Department of Oral&Maxillofacial Surgery, The Affiliated Shenzhen Stomatology Hospital of Shenzhen University, 70# GuiYuan North Road, LuoHu District, Shenzhen City, GuangDong Province, China.

出版信息

J Craniomaxillofac Surg. 2025 Feb;53(2):97-103. doi: 10.1016/j.jcms.2024.11.002. Epub 2024 Nov 15.

Abstract

BACKGROUND

This study aims to assess the therapeutic efficacy of a modified arthroscopy discopexy suturing technique in combination with an anterior disc repositioning splint (ARS) for the treatment of early phase anterior disc displacement without reduction (ADDwoR) patients.

METHODS

During 2021-2022, early phase ADDwoR cases were included and underwent modified arthroscopy discopexy suturing surgery and ARS therapy after surgery. Pre- and post-surgical evaluation parameters include the visual analogue scale (VAS) for pain, maximum mouth opening (MMO), and disc-condyle relationship on MRI. Patients were followed up for a period of 6 months after surgery.
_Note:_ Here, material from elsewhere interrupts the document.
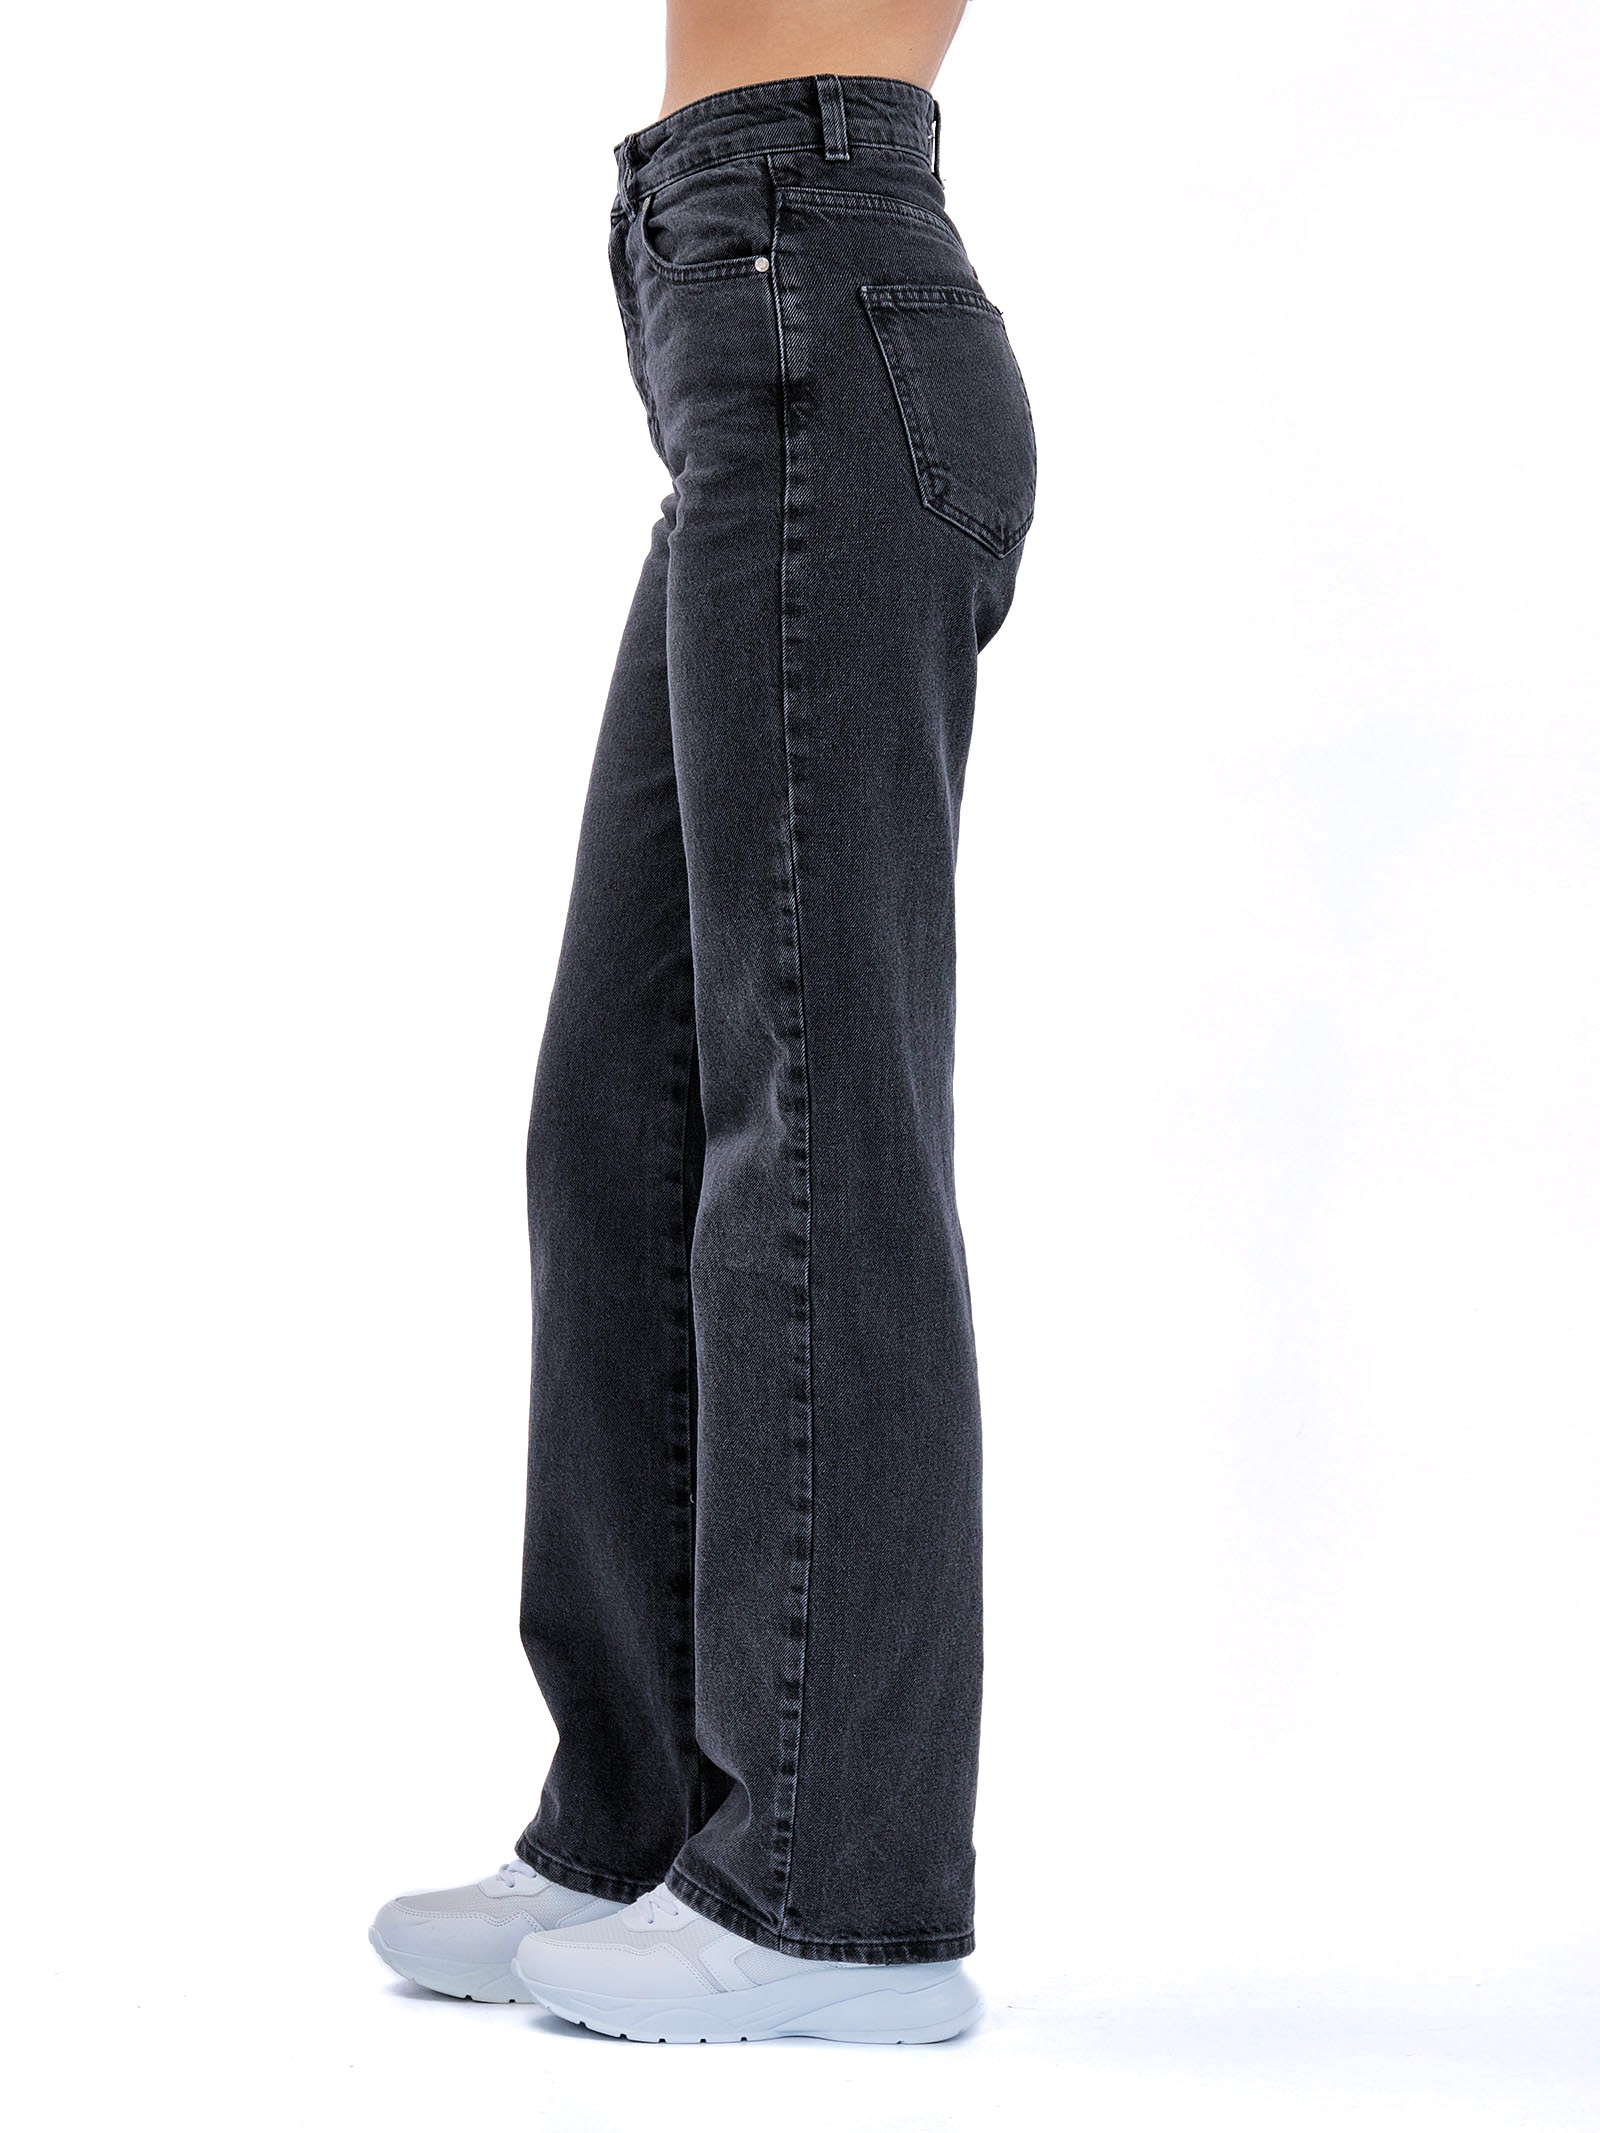 Women's wide leg Jeans Black
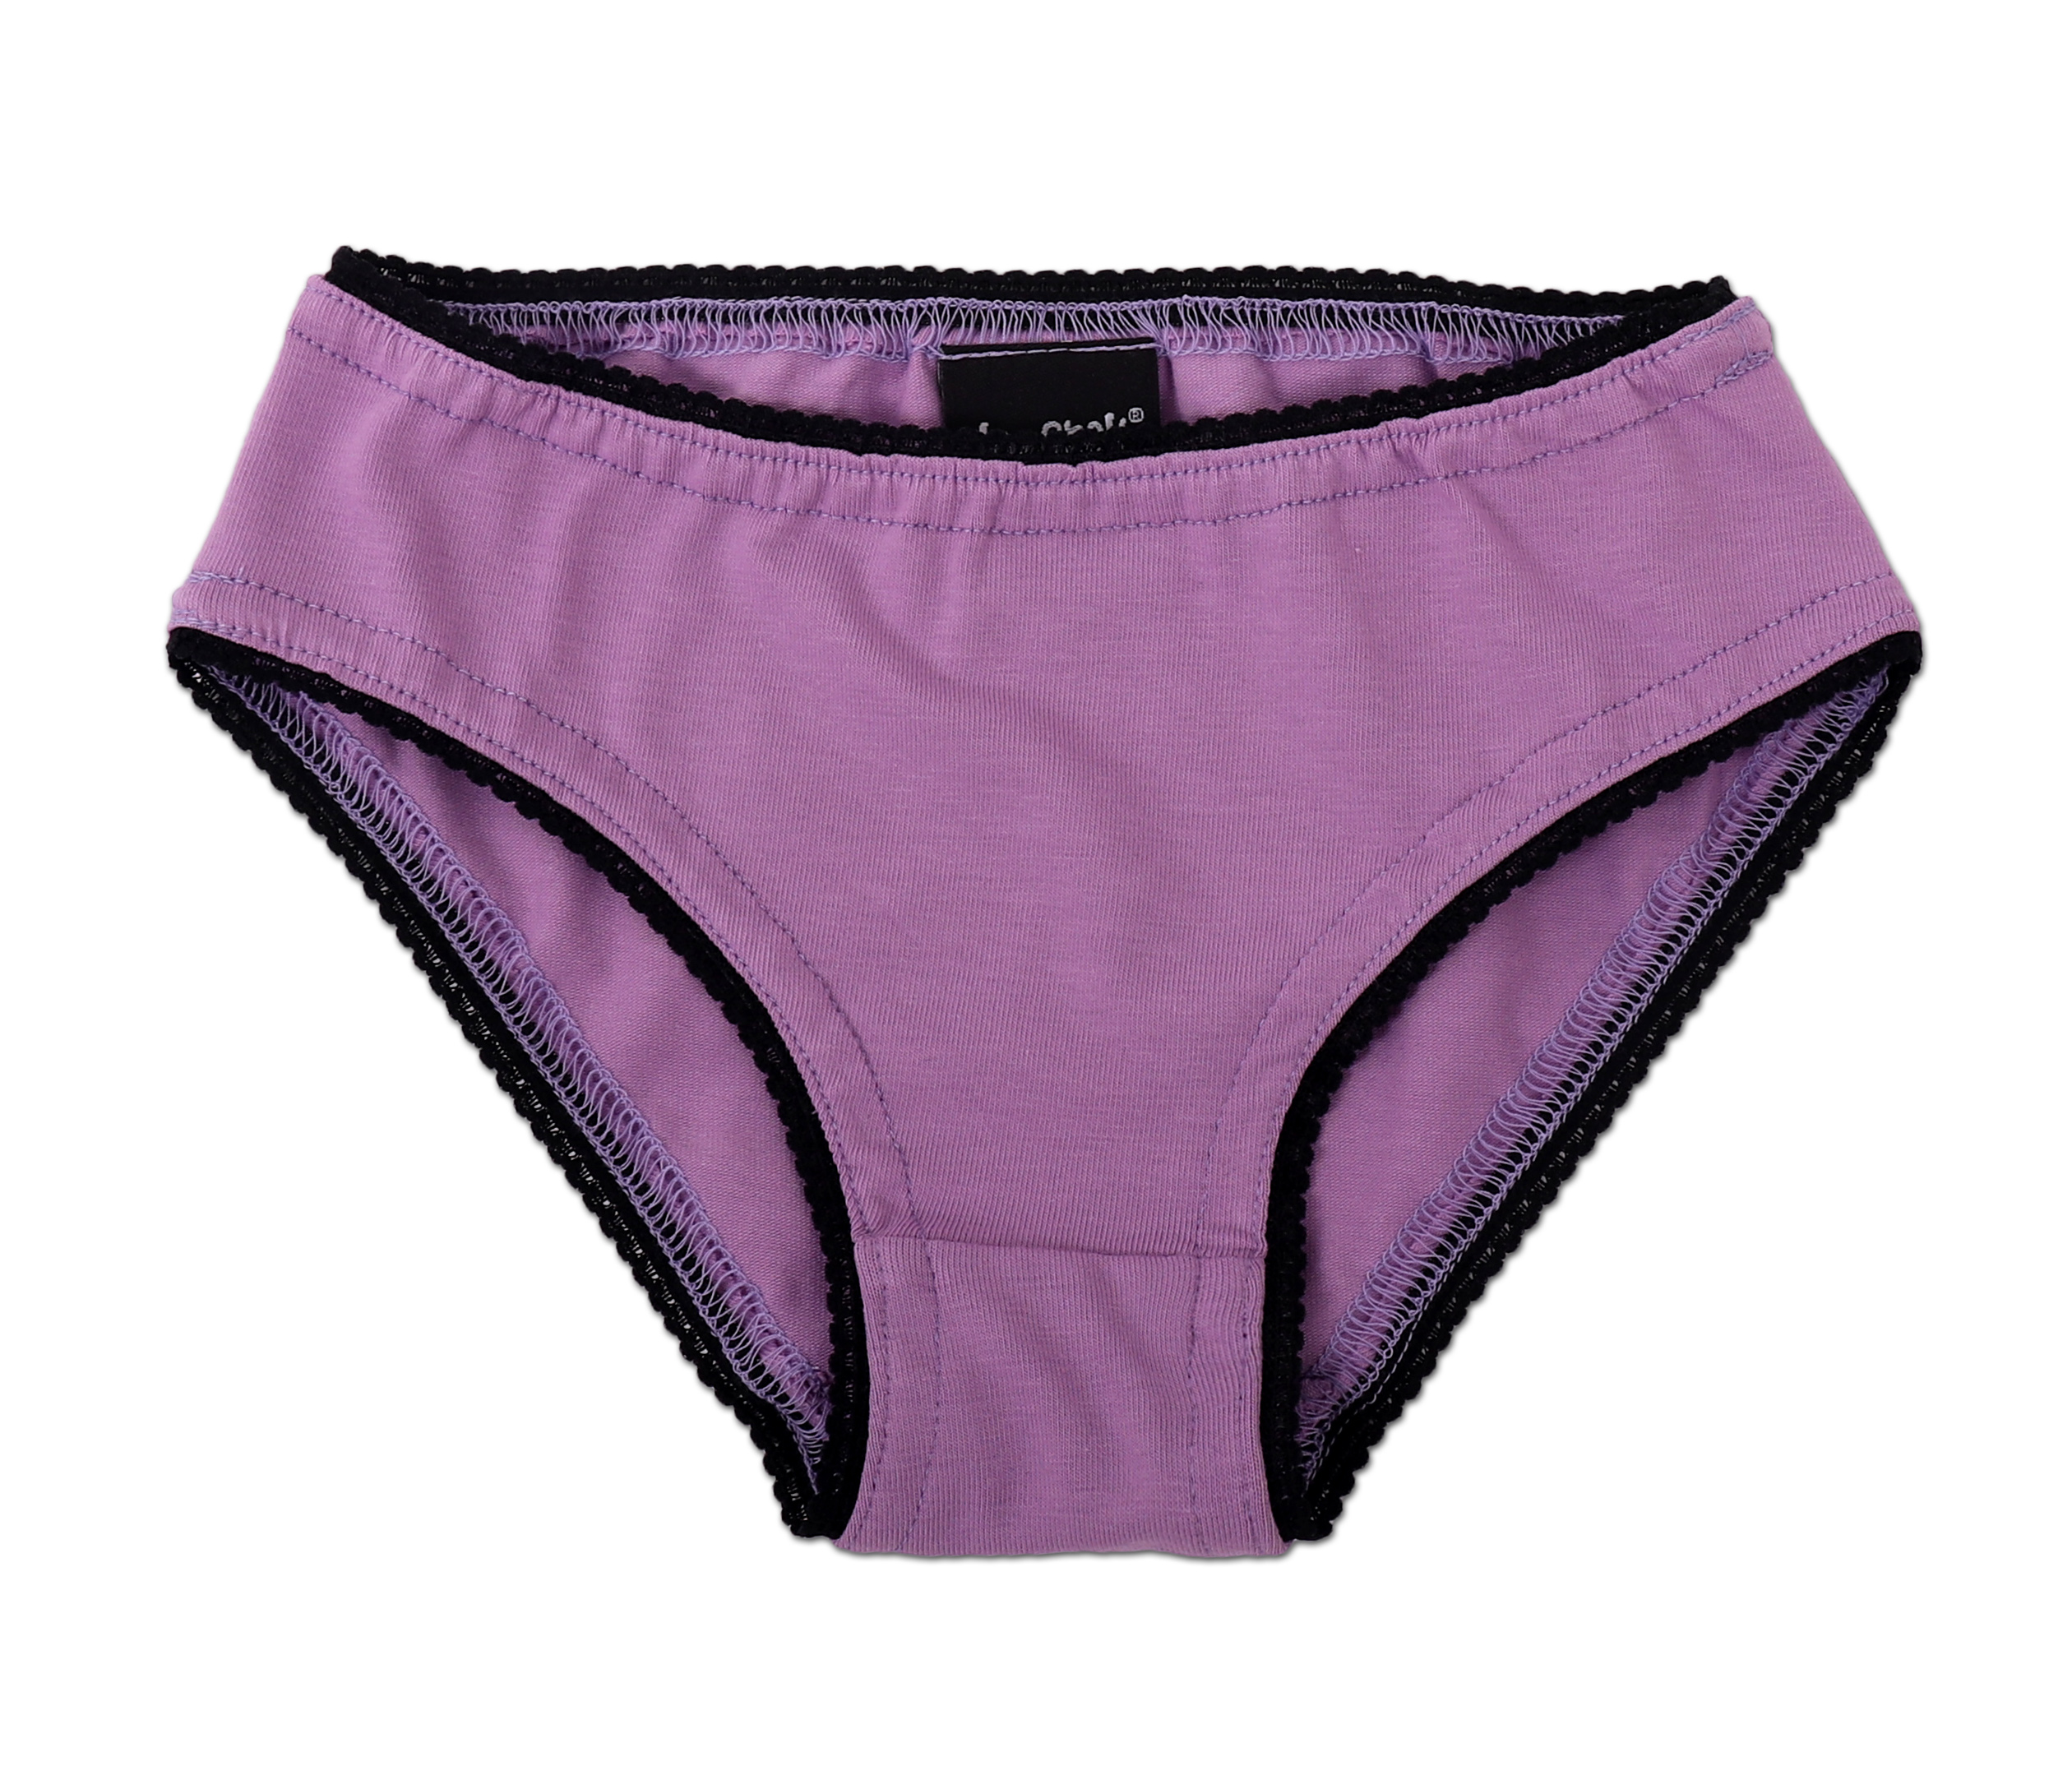 Girl's cotton panties, purple

Statistical significance was considered when p < 0.05.

RESULTS

A total of 31 unilateral early phase ADDwoR cases were included, with an average age of 26.97. The VAS scores of pain decreased from 4.87 to 1.61, while MMO increased from 23.13 mm to 39.35 mm(p < 0.05). MRI evaluations at 1 month and 6 months post-surgical revealed a disc reduction rate of 93.55% and 90.32%, respectively.

CONCLUSION

The modified arthroscopy discopexy suturing technique combined with ARS therapy after surgery proves to be an effective, minimally invasive and simplified approach for the treatment of early phase ADDwoR patients.

摘要

背景

本研究旨在评估改良关节镜下盘缝术联合前盘复位夹板(ARS)治疗早期不可复性盘前移位(ADDwoR)患者的疗效。

方法

2021年至2022年期间,纳入早期ADDwoR病例,术前行改良关节镜下盘缝术,术后行ARS治疗。手术前后的评估参数包括疼痛视觉模拟量表(VAS)、最大开口度(MMO)以及MRI上的盘髁关系。术后对患者进行6个月的随访。当p<0.05时认为具有统计学意义。

结果

共纳入31例单侧早期ADDwoR病例,平均年龄26.97岁。疼痛VAS评分从4.87降至1.61,而MMO从23.13mm增加至39.35mm(p<0.05)。术后1个月和6个月的MRI评估显示,盘复位率分别为93.55%和90.32%。

结论

改良关节镜下盘缝术联合术后ARS治疗是治疗早期ADDwoR患者的一种有效、微创且简化的方法。